**TO DO:**
For this exercise, reproduce only the lines from the one holding "Wallpapers bugatti veyron" through the final line of the data below, exactly, and omit pictures.

**SUPPLIED MATERIAL:**

****

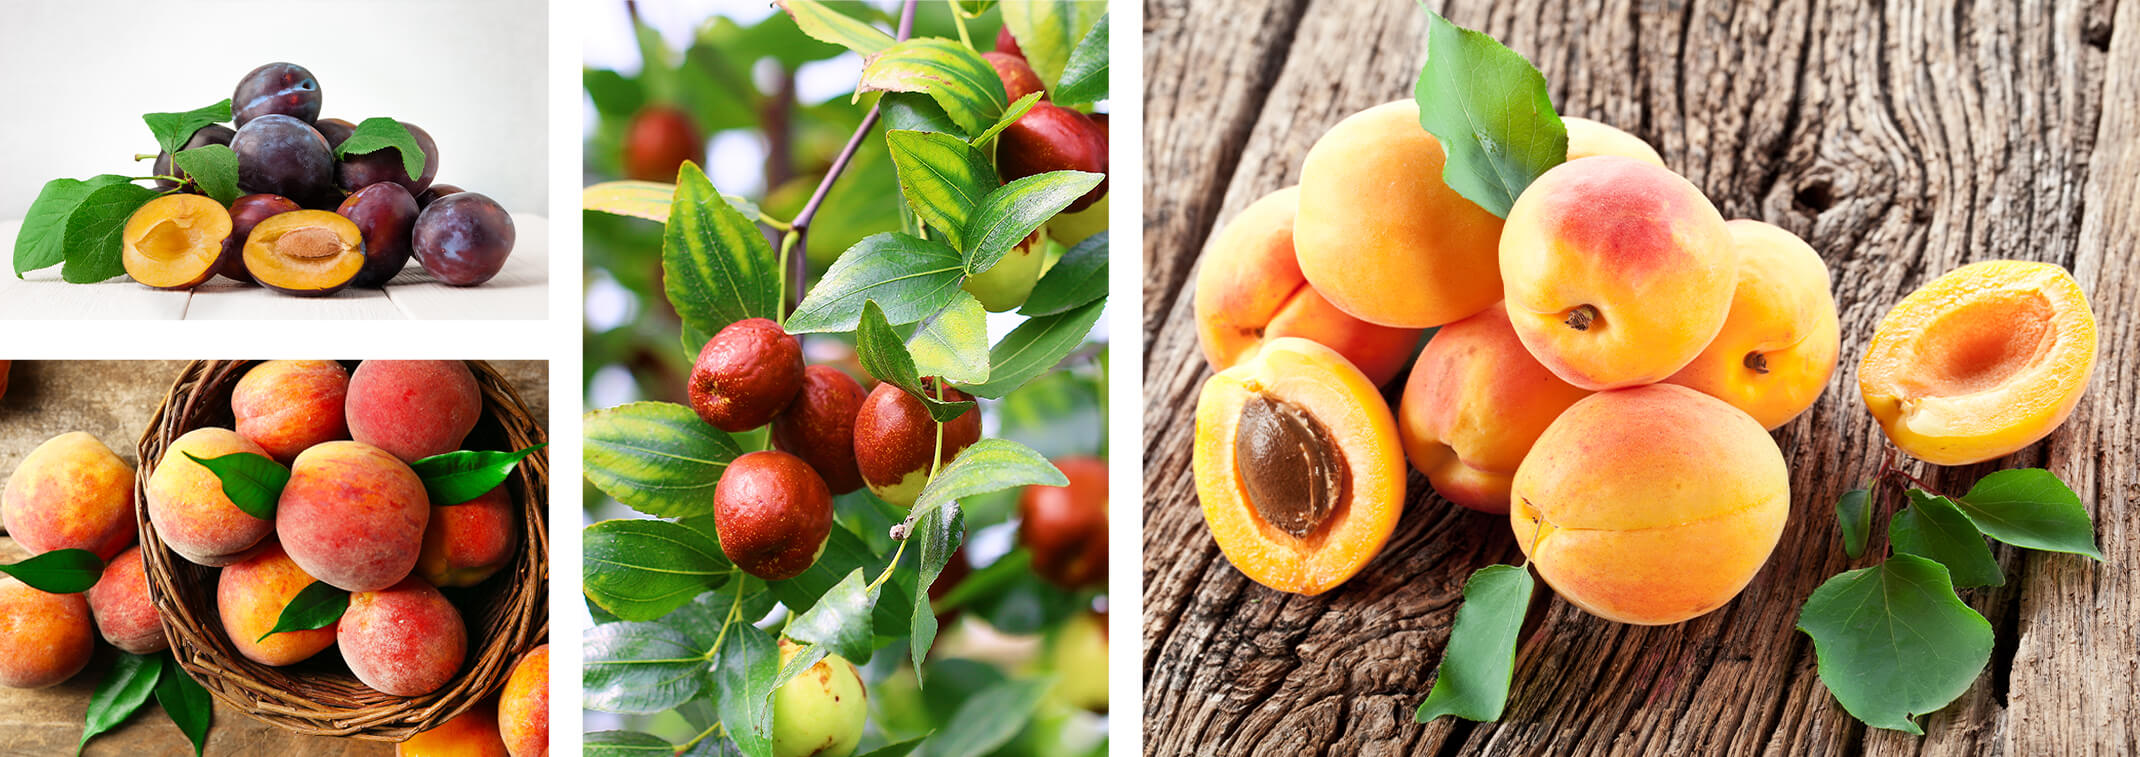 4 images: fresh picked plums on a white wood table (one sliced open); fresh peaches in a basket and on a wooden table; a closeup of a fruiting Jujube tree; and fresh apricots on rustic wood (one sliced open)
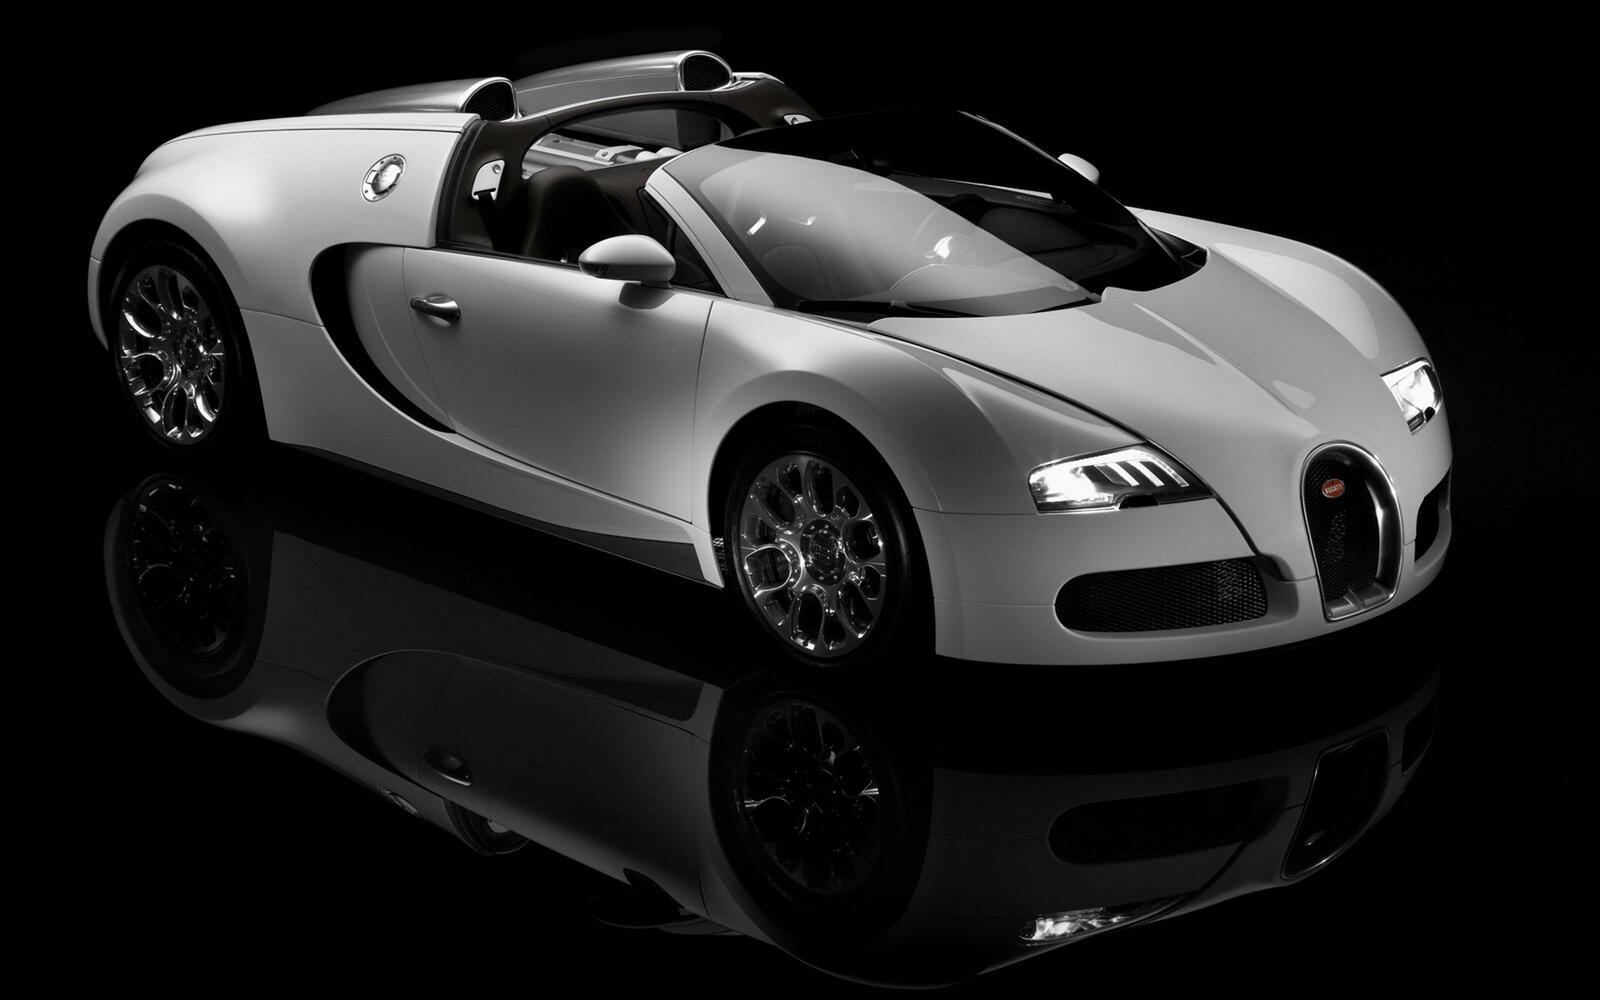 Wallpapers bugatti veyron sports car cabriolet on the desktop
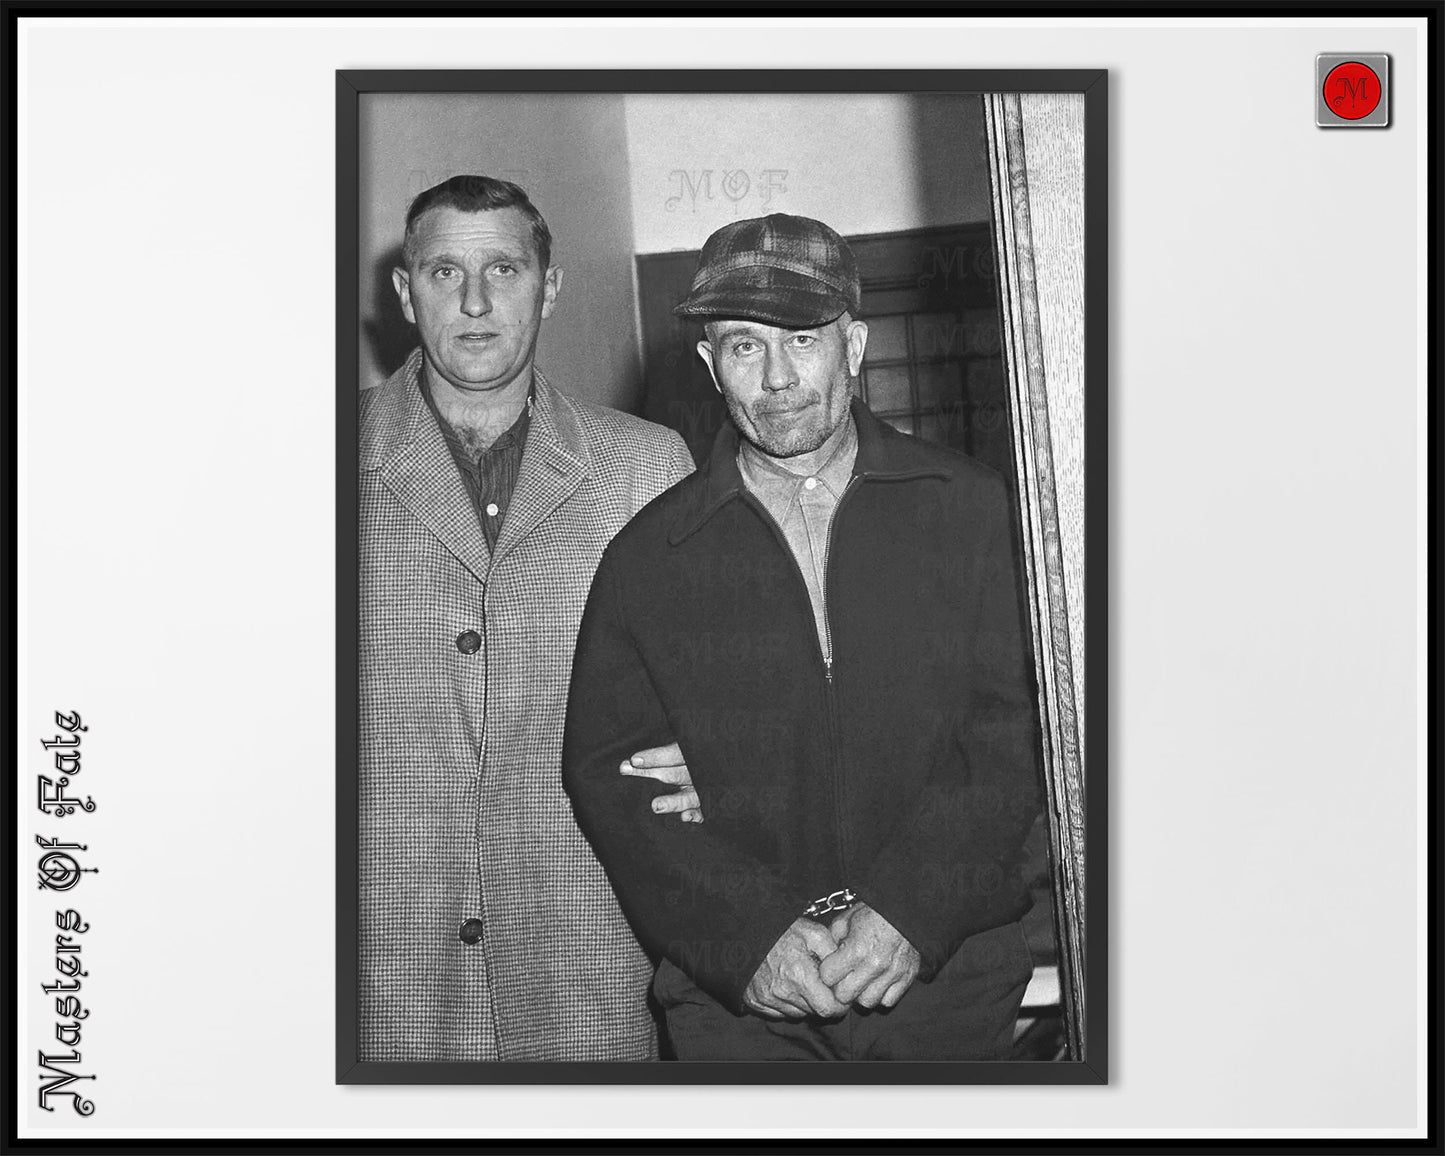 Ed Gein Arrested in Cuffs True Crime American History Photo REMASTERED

****

**TASK ANSWER:**
 Wallpapers bugatti veyron sports car cabriolet on the desktop
 Ed Gein Arrested in Cuffs True Crime American History Photo REMASTERED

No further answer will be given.